Ana Sayfa Dergi Sayıları 123. Sayı Sinema Savaşlarında Eleştirel Cephe

Sinema Savaşlarında Eleştirel Cephe

269
0

Filmler doğruyu söyleyen yalanlardır.

Bernardo Bertolucci

Frankfurt Okulu’nun üçüncü kuşak temsilcilerinden Douglas Kellner’in akademik çalışmalarının merkezinde medya kültürü ve tekno-kapitalizm konuları bulunuyor. Sinema ise Kellner’in çalışmalarının bir başka kanadını oluşturuyor.

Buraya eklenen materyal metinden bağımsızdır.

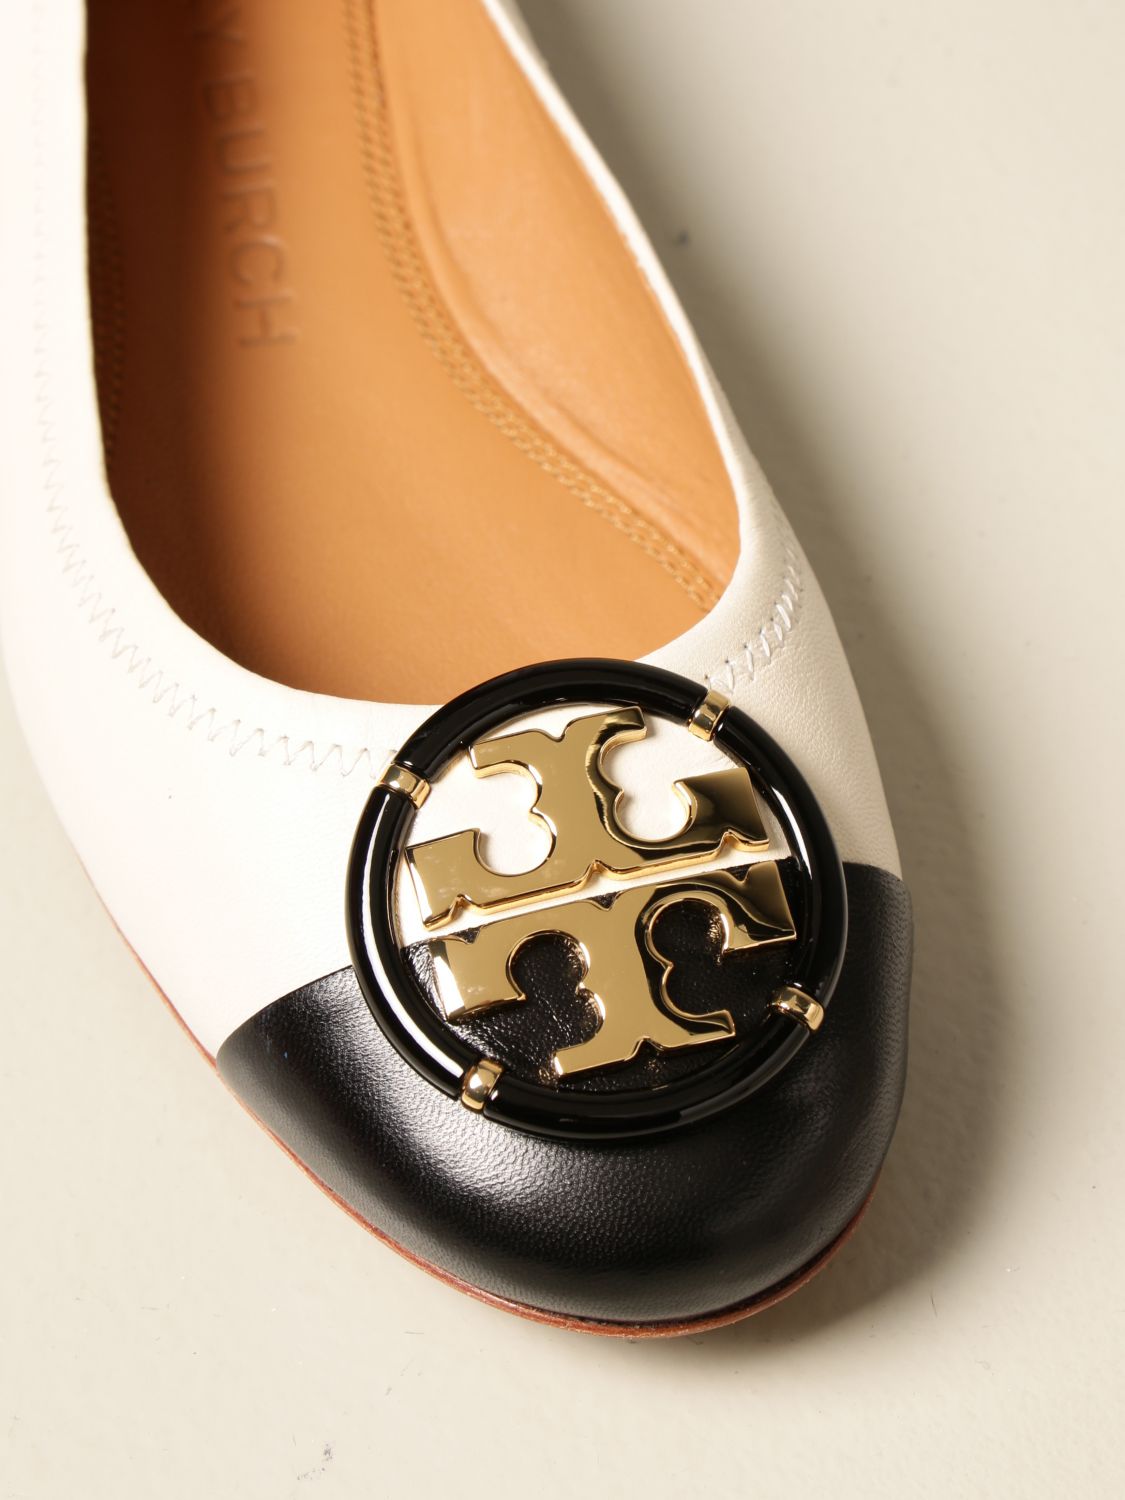 TORY ballerina in leather with logo | Ballet Flats Tory Burch Women Black | Ballet Flats Tory Burch 81724 GIGLIO.COM

Kellner, Michael Ryan ile birlikte yazdığı Politik Kamera‘da çağdaş Hollywood sinema filmlerinin ideolojik çözümlemelerini yapmıştı. Bu anlamda, Sinema Savaşları/ Bush-Cheney Döneminde Hollywood Sineması ve Siyaset adlı çalışması Kellner’in Politik Kamera‘sıyla önemli bir bütünlük içeriyor. Kitap hayli tartışmalı 2000 yılı başkanlık seçiminin galibi George W. Bush ve yardımcısı Dick Cheney döneminin sinemadaki tezahürlerini inceliyor. Bush-Cheney döneminin siyasi ve toplumsal çalkantılarının birer alt metin olarak filmlerin içine yerleştirildiğini örnekleriyle ispata girişen Kellner’e göre, çağdaş Hollywood sineması “temsillerin birbiriyle mücadelesi olarak ve mevcut toplumsal mücadelelerin yeniden üretildiği, dönemin siyasi söylemlerinin tahvil edildiği bir mücadele alanı”olarak tanımlanabilir.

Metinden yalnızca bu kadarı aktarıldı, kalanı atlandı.